The Blackburn Skua was designed by G E Petty to meet Specification O.27/34 which called for a two seat naval fighter. Two prototypes were ordered in 1935, the first of which flew on 7th February 1937 and a production order for 190 aircraft was placed following trials. Entering service with No 800 Naval Air Squadron in late 1938, the Skua was soon found to be too heavy and under-powered for use as a dedicated fighter and thus took on an additional dive bombing role.

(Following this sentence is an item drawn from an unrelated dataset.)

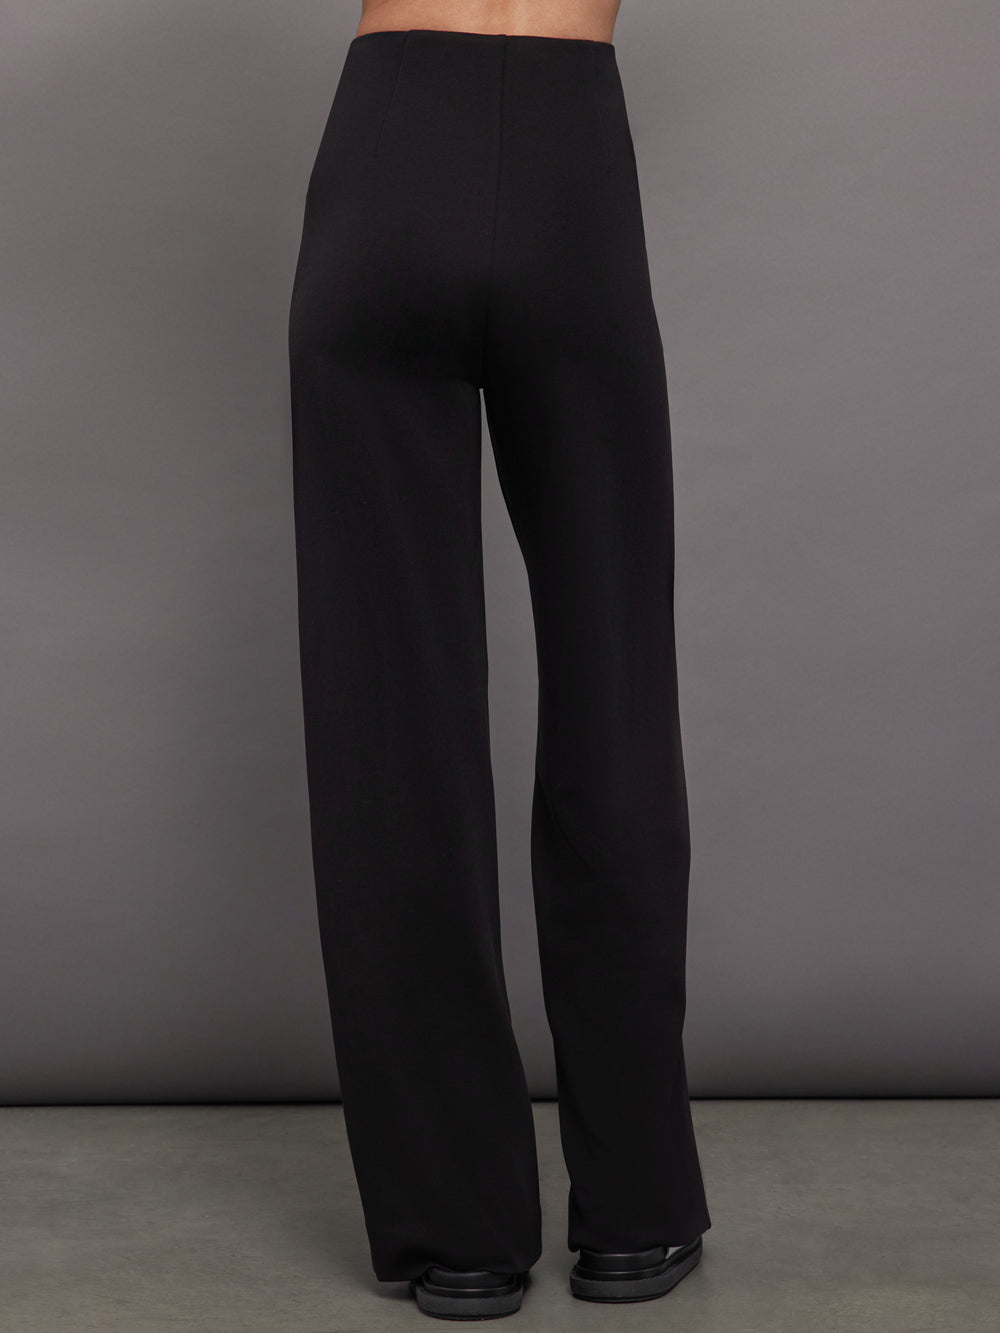 CARBON38 Activewear Pants Womens Small Black Hologram dot High

Powered by a Bristol Perseus XII radial engine of 890 hp, the Skua was armed with 4 x .303 in forward firing Browning machine guns and a single flexibly mounted .303 in Lewis or Vickers K machine gun in the rear cockpit. It also had the capacity to carry a 500 lb bomb mounted under the fuselage and up to 4 x 40 lb or 8 x 20 lb bombs in racks under each wing.
Skuas were soon in action following the outbreak of the Second World War. Two particularly memorable moments were on 26th September when three aircraft launched from HMS Ark Royal shot down a Dornier DO18 flying boat over the North Sea, and in April of the following year when 16 Skuas flying from the Orkney Islands sank the German cruiser Konigsberg in Bergen harbour – the first major warship sunk by air attack in war. The Skua performed reasonably well in air combat against enemy bombers in Norway and the Mediterranean but suffered heavy losses against fighters and was withdrawn from the front line in 1941. Thereafter, it was used as a target tug and navy trainer until March 1945 when the last aircraft was withdrawn from Service.
The Skua was operated by no fewer that 25 naval air squadrons at one time or another. Of the 192 aircraft built, there are but two partial survivors. One is being recovered to static display standard at Norway’s air museum in Bodo and restoration of the cockpit section of another is under way at the Fleet Air Arm Museum, Yeovilton.